In United States v. Kortright, No. 10 CR 937 (KMW), 2011 WL 4406352, at *9 (Sept. 13, 2011), where there was no evidence to connect the defendant's illegal drug activity with his apartment except the opinion of an agent/affiant, the court deemed the agent/affiant's opinion insufficient to support a finding of probable cause. Because of uncertainty concerning the need for more evidence to support a finding of probable cause, however, the court concluded that the good faith exception applied. See also United States v. Williams, 350 F.Supp.3d 261, 275 (W.D.N.Y. 2018)(even assuming additional evidence were required to support search warrant for drug suspect's residence beyond observation of him leaving residence and proceeding directly to controlled purchase, good faith exception applied).
For the reasons discussed above, TFO Caro's 37-page affidavit provided considerably more support for a finding of probable cause than the agent's opinion in Kortright.
IV.
The defendant contends that he is entitled to a Franks hearing because the affidavit contains the following “significant falsehoods”:
- The affidavit states that the defendant was known to store drug proceeds in the black drawstring bag when in fact CW-2, the only source for this statement, was an unreliable informant with no record of truthfulness who was working for financial compensation.
- The affidavit states that the defendant lived in the New Britain apartment when in fact he merely spent most nights there.

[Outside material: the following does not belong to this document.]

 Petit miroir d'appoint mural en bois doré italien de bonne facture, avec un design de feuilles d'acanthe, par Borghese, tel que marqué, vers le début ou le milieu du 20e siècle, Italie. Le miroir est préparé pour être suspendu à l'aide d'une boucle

- The affidavit states that the defendant owned the Acura MDX when a simple check of motor vehicle records would have revealed that he did not.
And
- The affidavit states that a video of the second controlled buy corroborates CW-2's statement that he got the drugs from the defendant when in fact the video shows only the pants and boots of the individual who transferred the drugs.
The government contends that these alleged misstatements, considered singly and in combination, do not warrant a Franks hearing. I agree.

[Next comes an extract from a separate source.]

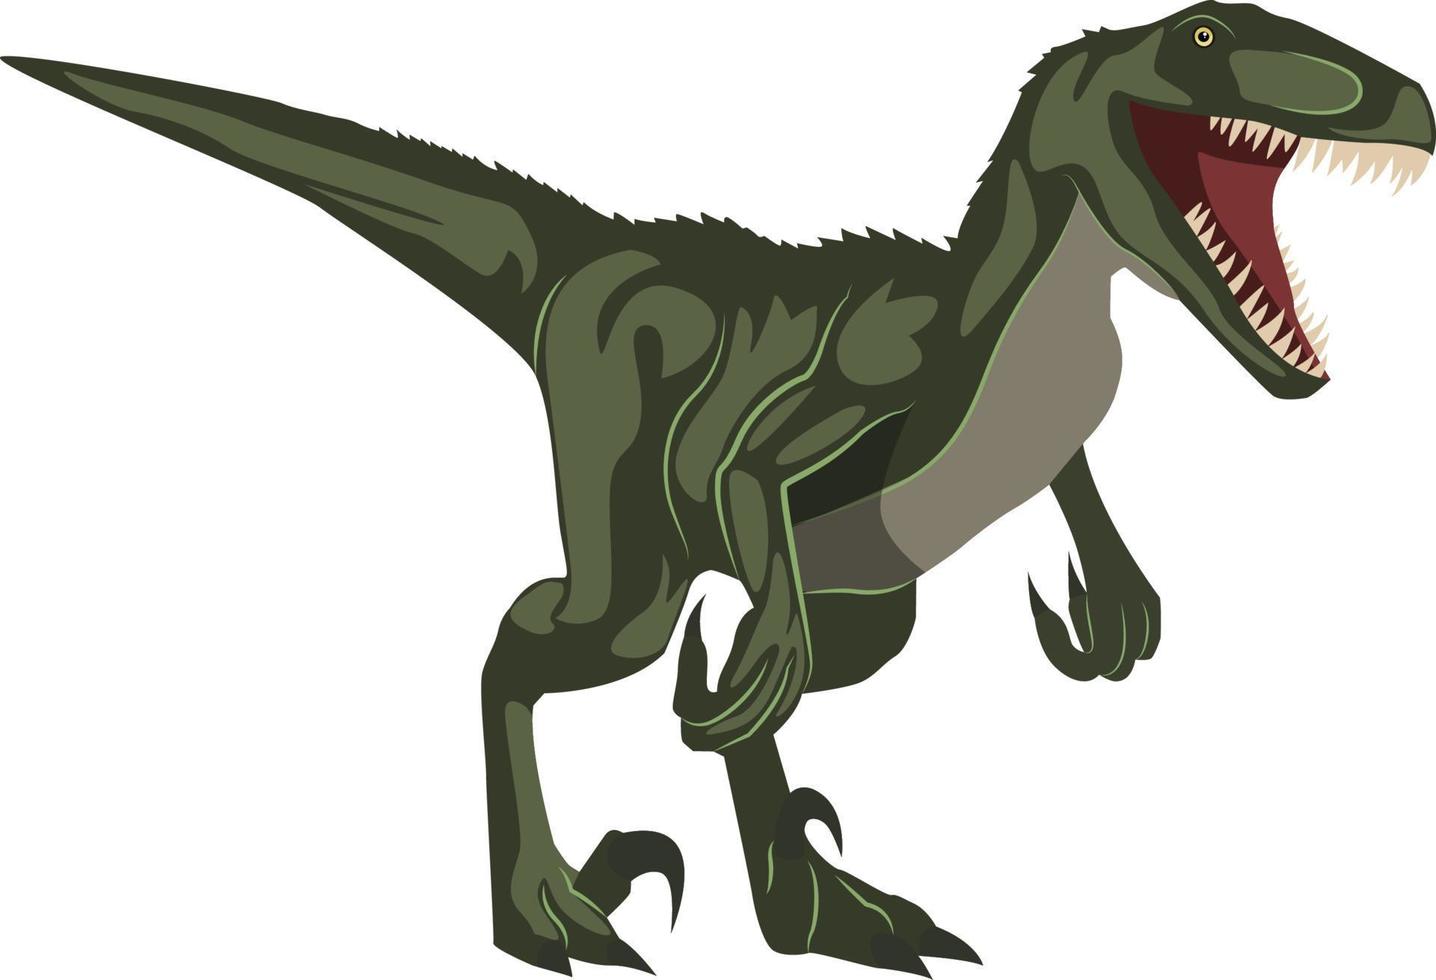 Velociraptor, illustration, vector on white background.

The statement that the defendant was known to store drug proceeds in the bag was expressly based on CW-2's information, the reliability of which Judge Farrish was able to independently assess. Defendant's argument that CW-2's information was plainly unreliable is incorrect. The 280-gram transaction and the subsequent 100-gram controlled buys provided sufficient reason to credit CW-2's description of prior transactions with the defendant involving the black drawstring bag.
The statement that the defendant lived at the New Britain apartment was true. It is undisputed that he spent most nights there, as shown by his cell phone location data. In support of the present motion, his girlfriend has attested that the defendant frequently stayed with her and their minor child. That the defendant might have used another residence from time to time is of no consequence.
From all outward appearances, the Acura MDX was the defendant's vehicle. He used it to facilitate his drug business and parked it at the New Britain apartment, as confirmed by direct observation and license plate location data. If Judge Farrish had known that the vehicle's title was in someone else's name, it would have made no difference.
The video of the second controlled buy depicts an individual wearing the same pants and boots investigators saw the defendant wearing outside the liquor store that day and thus strongly corroborates CW-2's statement that it was the defendant who delivered the drugs.
V.
Accordingly, the motion to suppress is hereby denied without a Franks hearing.